Diving deeper, you’ll find impressive figures, such as a 37.3% increase in operating profit within Milling and Baking despite only a 0.4% bump in revenue.

In Grains, the situation is even more remarkable, where flat revenue coincided with a stunning 673.5% surge in operating profit. You get the idea.

It’s important to note that these percentage shifts stem partly from the low-margin nature of these industries. Similar to extreme examples in poultry, small fluctuations in gross margin or operating expenses can drastically affect percentage changes in operating income.

For instance, modest changes in gross profit margins can yield significant increases in operating income, highlighting Kruger’s awareness and strategic approach, which the market recognizes, explains Tiger Brands’ profit growth despite minimal revenue increases.

What lies ahead?

The management exudes confidence, employing decisive language about their strategy, invoking terms like “superior channel presence” and “deliberate growth platforms” to excite investors.

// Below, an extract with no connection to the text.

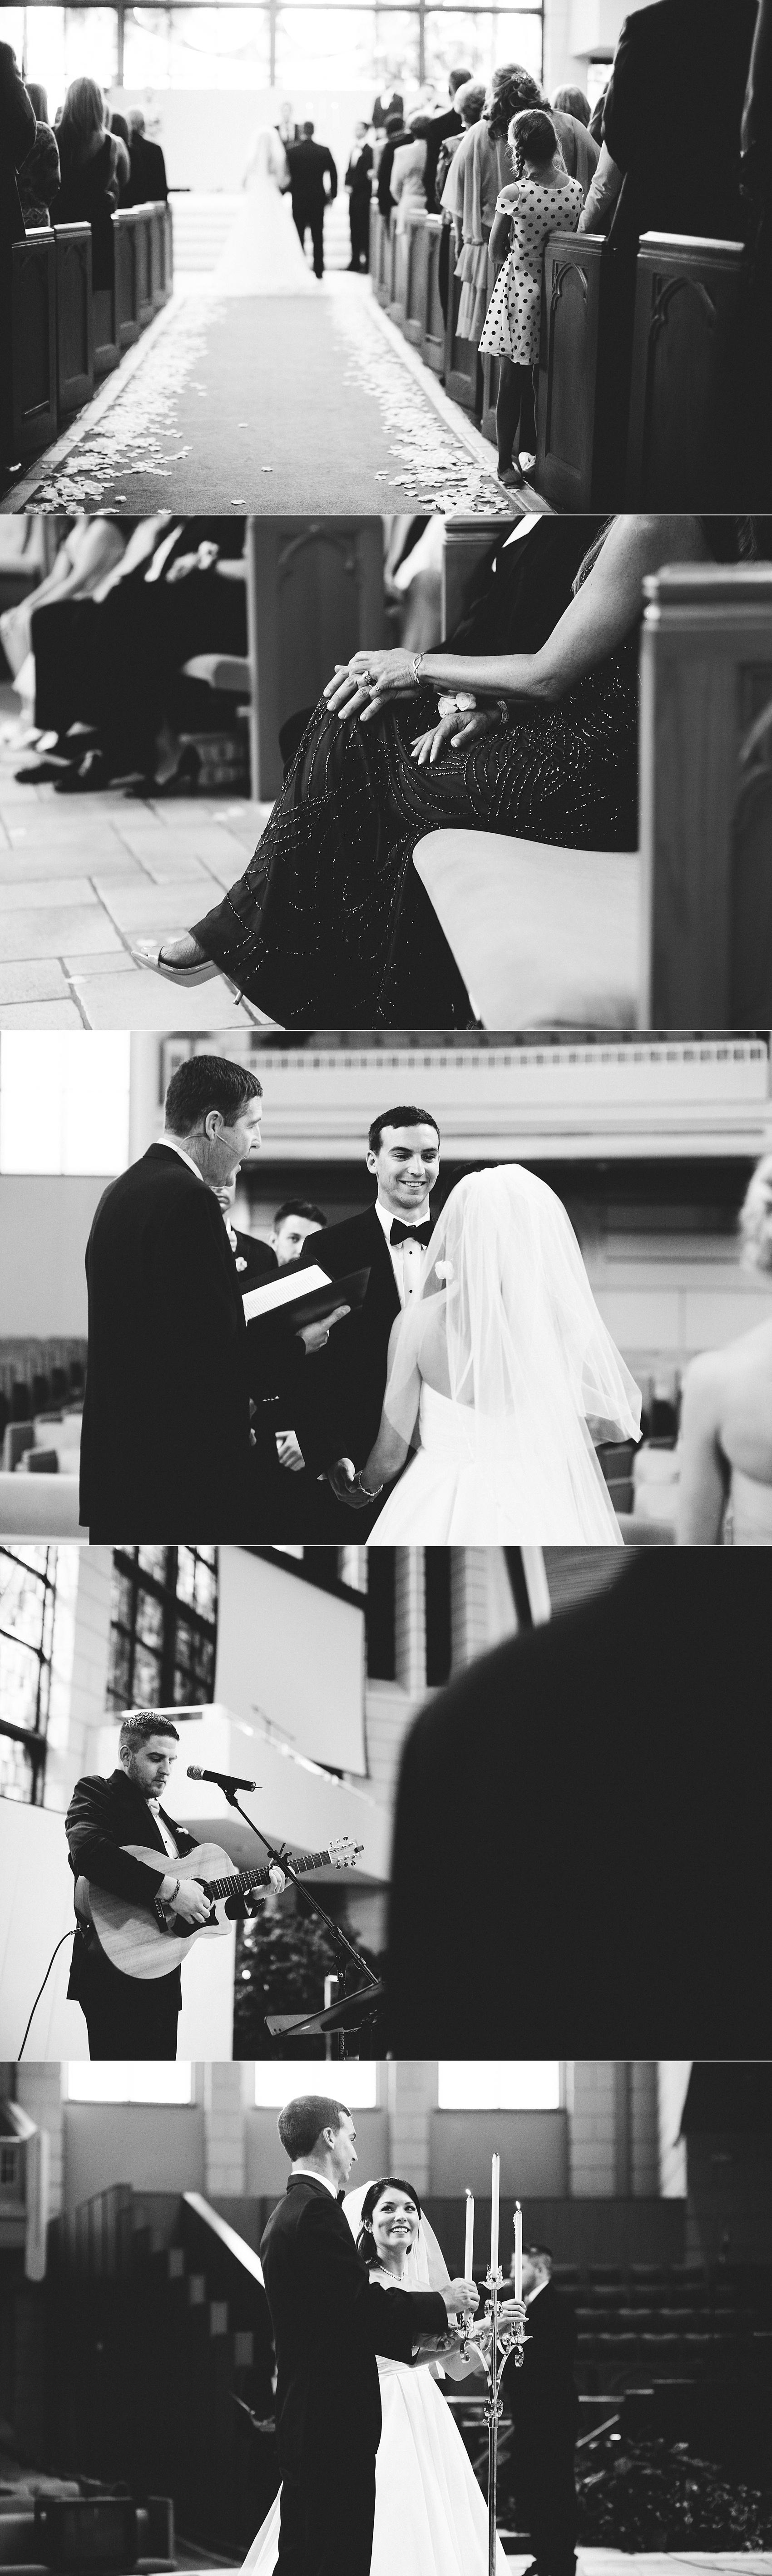 tampa wedding photographer luke haley-11

With a 34% increase in continuing Heps [headline earnings per share] for the interim period and a 19% rise in the interim dividend, the data backs up the narrative.

If we adopt a straightforward approach of merely doubling interim Heps, we arrive at forward earnings of R20.42 per share. This translates Tiger Brands to a forward PE [price-earnings] ratio of 16.9 times, calculated by comparing the current share price against those future earnings.

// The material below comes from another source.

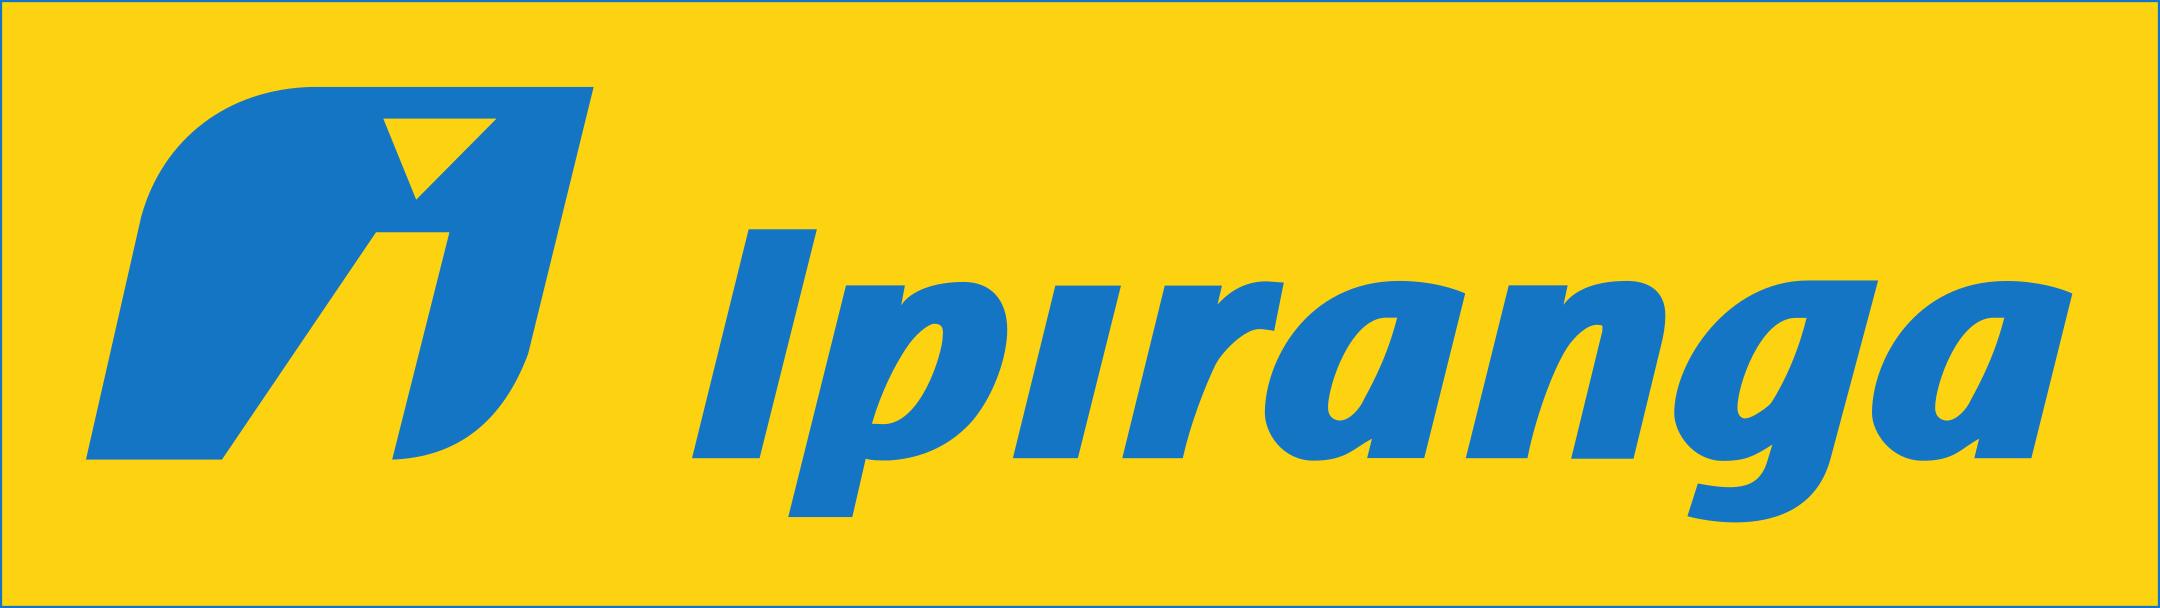 ipiranga logo 1 - Ipiranga Logo

One could argue that I’m being conservative by only doubling interim earnings, given the substantial improvements occurring in the business. In short, it continuously improves, and H2 should surpass H1.

That said, the interim period included the festive season, so one must consider the seasonal dynamics at play. While the business is improving, the retail industry is subject to seasonal fluctuations.

Regardless, the current valuation appears a bit steep for my liking, so I won’t pursue this one. I’m also hesitant to invest in stocks that have experienced rapid ascents, as corrections are bound to occur at some point.

What are your thoughts? Are you inclined to invest in this multi-year strategy, or are you considering taking profits given the recent performance?

Or perhaps you prefer to sit on the sidelines and steer clear of this sector? I’d love to hear your opinions in the comments!